Но когда Мардарий явился, в ватнике, перепачканном опилками, машинным
маслом, ржавым железом, принес запах болотной тины, он снова стал мерзок
Шубникову.
- Ну что, брат? - сказал Мардарий, не дожидаясь слов Шубникова и
улыбаясь нагло. - Скучаешь, брат?
- Как ты смеешь так называть меня! - возмутился Шубников. - Какой ты
мне брат?
- А кто же я есть? - спросил Мардарий. - Я - твой. Я - это ты, но
другой. Я - твое дитя. Я - твой выкормыш.
"Не только мой!" - хотел было выкрикнуть Шубников, но сразу же понял,
куда его может привести восклицание, и сжег мысли о Мардарий и Бурлакине.
- Твой, твой, - сказал Мардарий. - Из-за тебя я столько вытерпел, из-за
тебя столько увидел и узнал, столько прочитал, Дхармакирти, Шопенгауэра,
Ницше, Гартмана, Бергсона среди прочего, этих на языках подлинников.
Шубников не читал никаких Шопенгауэров, Ницше и Бергсонов, о
Дхармакирти же и Гартмане слышал впервые и был несколько удивлен признанием
Мардария.
- Да, - сказал Мардарий, - я многое прочитал, увидел и узнал из того,
что должен был прочитать, увидеть и узнать. А теперь я многое решил и не без
твоих подсказок и желаний понял, что надо делать. А потому я тебе больше чем
брат. Ты же киснешь и собираешься киснуть. Тебе и обе женщины сейчас не
нужны. А мне они необходимы. Хотя бы на время. Отдай мне их, брат!
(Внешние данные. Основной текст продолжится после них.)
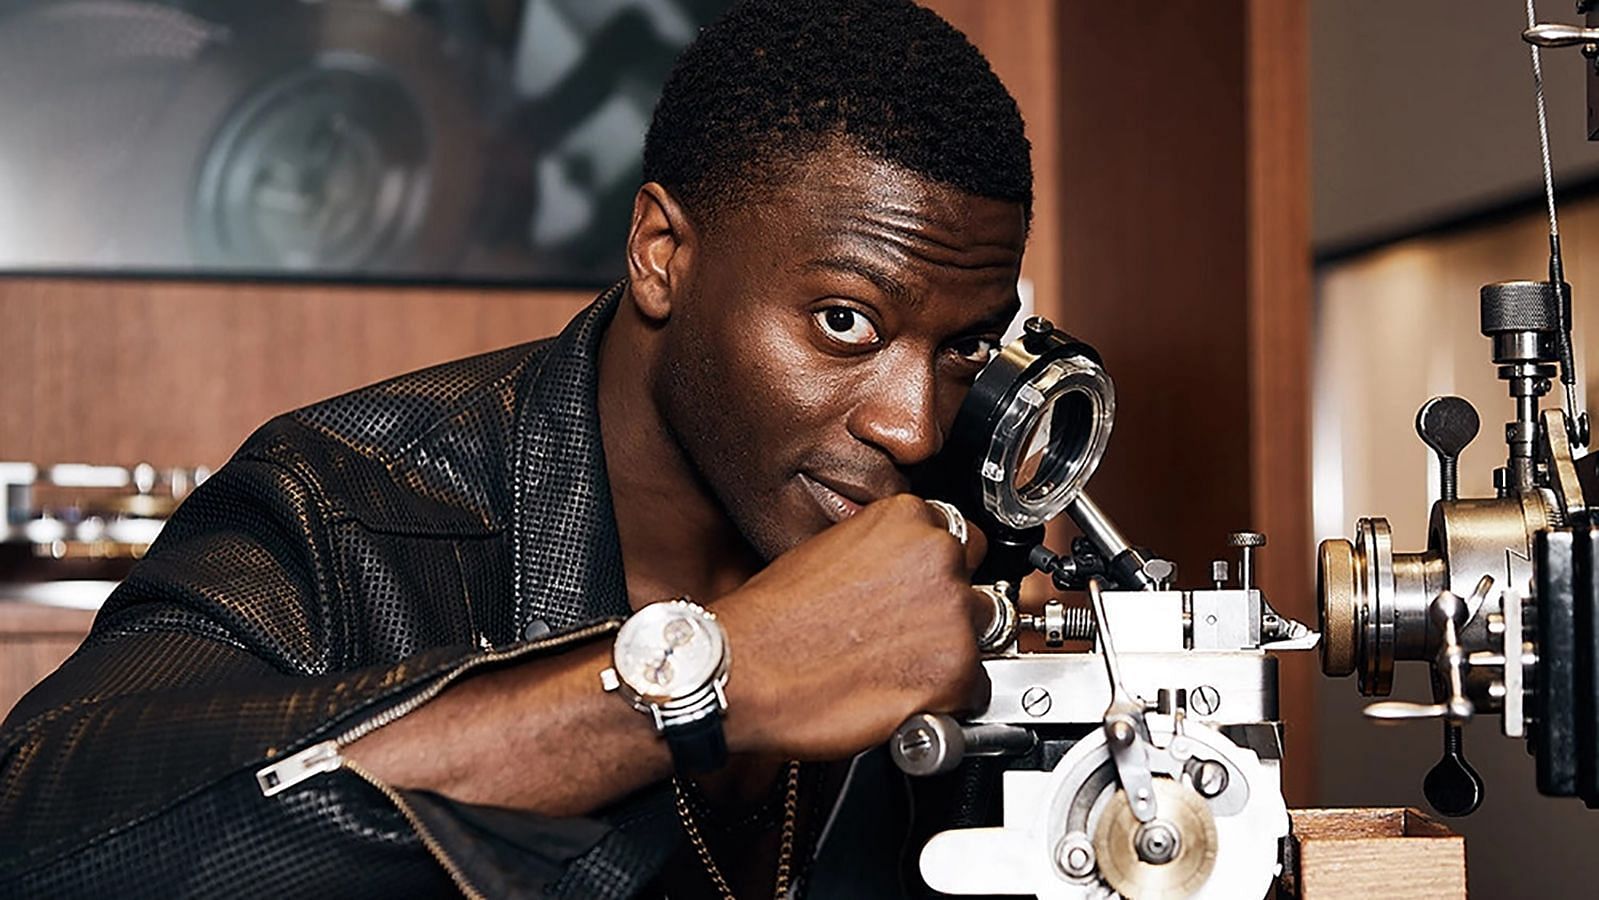 Aldis Hodge in front of his guilloche machine (Image via Kelsey Fain)

Рассвирепевший Шубников чуть было не выразил сомнений по поводу мужской
силы Мардария, но не отважился. Мардарий более не улыбался, смотрел на него
серьезно. "Ба, да ведь он сожрет меня!" - осенило Шубникова. Часами раньше
Шубников холодно думал о Любови Николаевне и Тамаре Семеновне, но теперь
покушение, посягательство на его, Шубникова, достояние возмутило, словно бы
подожгло изнутри. И догадка о том, что Мардарий проглотит и сожрет его,
требовала мгновенного решения.
Мардарий все понял, угадал судьбу, вид у него был страдальческий, он
еще надеялся на что-то, затрясся, задрожал, хотел было убежать, улететь,
уползти, но не смог сдвинуться с места, желал ухватиться за что-либо в
воздухе, но и этого ему не позволили. Мардария повлекло к Шубникову, корчась
в судорогах, с хрипами и стонами отчаяния он был вдавлен, вмещен в
Шубникова. Теперь стал дрожать и Шубников. Жар, только что подымавшийся в
нем, исчез, ледяные иглы кололи Шубникова изнутри. Но дрожал Шубников и
оттого, что ему сейчас открылось. Дрожал из-за тех бездн, которые он ощутил.
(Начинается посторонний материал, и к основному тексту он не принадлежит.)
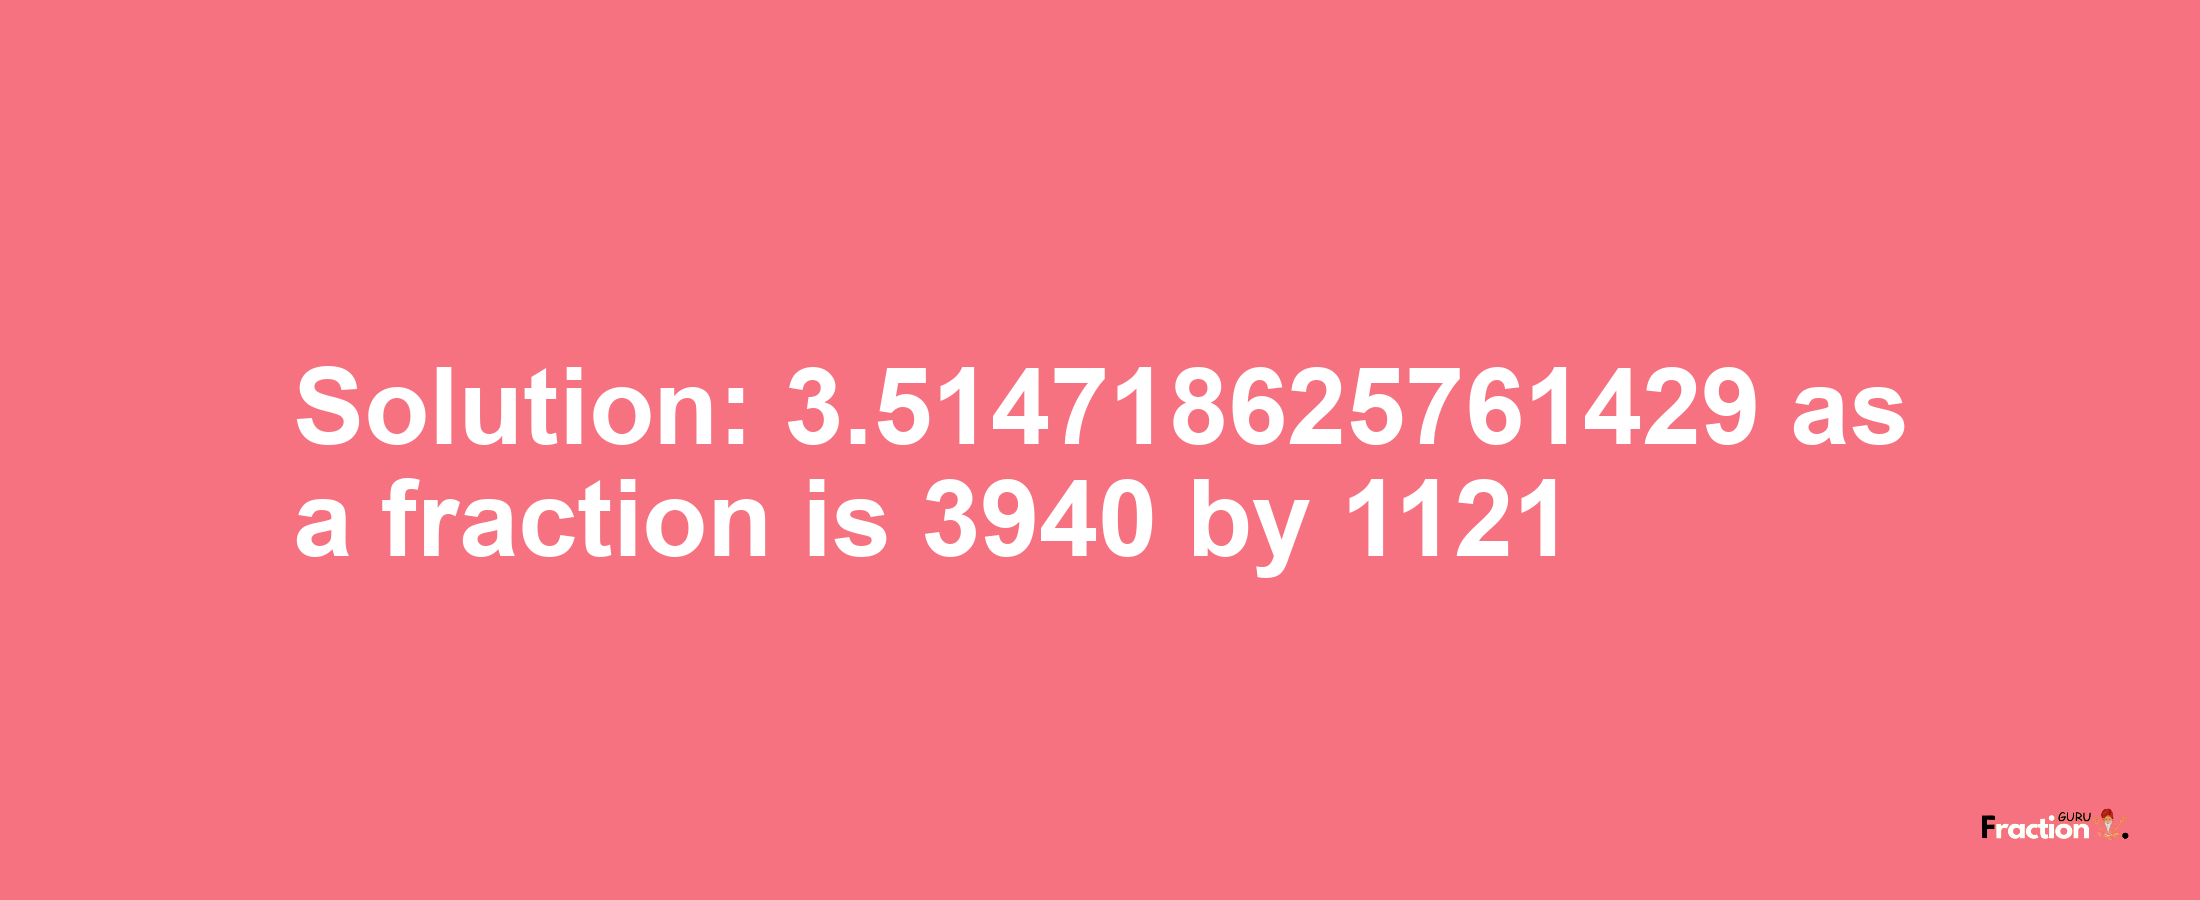 Solution:3.514718625761429 as a fraction is 3940/1121

"Зачем я? - думал Шубников. - Ведь этого нельзя было делать..."
Холода приползли в Останкино.
А ведь шел май, и уже осыпались лепестки черемухи. Бывая в других краях
Москвы, я не ощущал там останкинской студености. Люди в Замоскворечье, на
Покровке, в Чертанове сняли свитеры и пиджаки, мы же являлись к ним в
ушанках и куртках на меху. "Да вы небось из Останкина", - говорили они. Как
раз в ту пору стало известно из телевизионного остроумия метеорологов, что
если Африка в Москве - Балчуг, то Антарктида - Останкино. К тому же батареи
в домах у нас не грели и горячая вода в квартиры не допускалась. Ну ладно бы
прекратили топить на Балчуге...
Впрочем, приходили в голову мысли, что не географическое положение
Останкина, не открытость нашей местности всем ветрам, северным в
особенности, не ремонтные работы в котельных с думами о зиме должны были нас
тревожить. Ну холод. Ну мороз и мороз. Ну нет горячей воды. Неужели это
новости для останкинского жителя? Однако уныние захватило многих. Морозец,
пусть и без снега, с прижатыми к окаменевшей земле травинками, со
стеклышками льдинок там и тут, должен был при ясном небе бодрить и призывать
к действиям. Но нет, не призывал и не бодрил. Трусаки и те прекратили бегать
в скверах и парке. Слабость, будто после воспаления легких, ощущалась не
мной одним. Слабость и апатия. И несомненное беспокойство, предощущение
скверного, чему следовало бы помешать, но как и какими силами - неизвестно.
Холод был в душе Останкина.
Неприятно было возвращаться с работ или выходить из домов вечерами.
Останкино стояло черное, выстуженное или простывшее, мрачное, устроенное
словно бы и не для жизни людей, а неведомо для чего, пустынное, одни лишь
охранители уличных приличий и попадались навстречу. В магазинных залах у
прилавков и касс поубавилось жизнелюбивой толкотни - многие останкинские
жители утеряли аппетит.
Да что аппетит! В жизни каждого случаются минуты тоски, усталости и
отчаяния, когда кажется, что ничего светлого более для тебя не будет. Но,
однако ж, опять вскоре бежишь куда-то, и о чем-то хлопочешь, и чего-то
ждешь. Сейчас же уныние ощущалось как вечное и единственное состояние жизни.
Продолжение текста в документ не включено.